Исследование Бенджамина Питерса посвящено истории советских разработок компьютерных сетей в 1950—1980-е гг. Основное внимание уделяется проекту ОГАС (Общегосударственной автоматизированной системы учета и обработки информации) математика и кибернетика Виктора Глушкова. Недавно Кирилл Мартынов уже познакомил российских читателей с основными положениями этой захватывающей книги[1]. Кратко напомним парадоксальные выводы Питерса, прежде чем предложить еще один возможный контекст прочтения изложенной им истории.
Рассказывая в Прологе об основных задачах и методологических принципах своего анализа, Питерс обращается к понятию «остранение», предложенному в свое время Виктором Шкловским. Действительно, нарисованная американским медиаисториком картина является настоящим остранением привычного взгляда на векторы развития компьютерных технологий. Как считалось и, в общем, считается до сих пор, подлинные технические инновации возможны только в конкурентной среде, создаваемой капитализмом, а сама сеть настолько связана с демократией, что просто непредставима при других политических режимах. Питерс же убедительно демонстрирует обратное: авторитарный Другой — СССР с его административно-командной экономикой, ригидной партократией и отсутствием демократических свобод — оказывается предельно близок к своему либеральному визави. И остранение здесь рождает ощущение «жуткого», того, что можно было бы назвать фрейдовским «unheimlich»[2]. В свете советского опыта «естественная» связь между капитализмом, демократией и сетями перестает быть такой уж естественной. Более того, усиливается подозрение, что сети могут работать в разных политических и социально-экономических контекстах и сами по себе автоматически не гарантируют ни новых форм демократии «множеств», ни даже «старых» либеральных свобод. Интернет как бы отрывается от всех своих «корней» и становится просто инструментом, который могут использовать самые разные силы.

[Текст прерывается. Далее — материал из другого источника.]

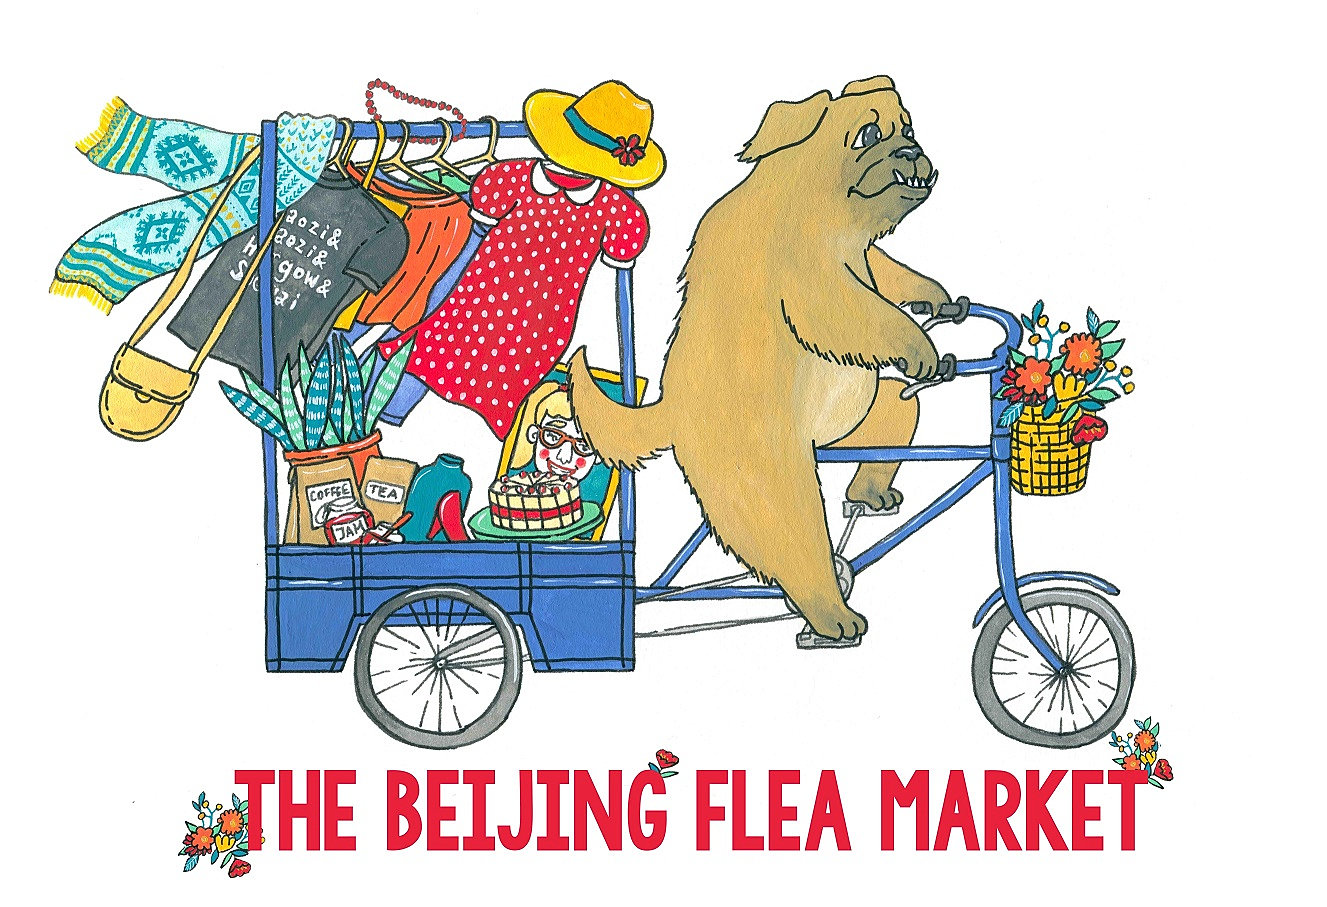 Liuba Draws Illustrations | The Beijing Flea Market Brand Identi

Но Питерс делает историю интернета, и не только советского, еще более непростой. Он аргументированно доказывает, что итоговый провал проекта Глушкова случился не потому, что советская командно-административная система была слишком централизованной. Напротив, радикальный тезис книги состоит в том, что проект ОГАС был «оптимизирован» — то есть принят в настолько урезанном виде, что о каком-то управленческом эффекте говорить не приходилось, — в результате сложной ведомственной игры на административных рынках. Хотя замысел Глушкова и его команды и заключался в частичной децентрализации управления советской экономикой (распределенная сеть АСУ позволяла любому узлу связываться с любым другим напрямую), внедрить такой дорогой и технически сложный проект можно было, только используя централизованный административный ресурс. А как раз централизованности, как демонстрирует Питерс, советской системе и не хватало. Уже первая попытка создания компьютеризированной сети управления народным хозяйством, предпринятая предшественником Глушкова, математиком Анатолием Китовым, в конце 1950-х гг., не удалась, поскольку Министерство обороны не захотело сотрудничать с гражданским сектором. То есть повело себя как «частный» актор, отстаивающий свои, «частные» интересы. При этом в своем «домене» военные успешно внедряли компьютерное управление именно централизованными методами. Глушков, будучи опытным администратором, хорошо знал этот бюрократический «рынок» и старался продвигать ОГАС в соответствии с его правилами. Головокружительная парадоксальность ситуации: киберпроект децентрализованного управления, который необходимо централизованно внедрять по всей стране, продвигается на уже децентрализованном рынке партийно-государственного менеджмента.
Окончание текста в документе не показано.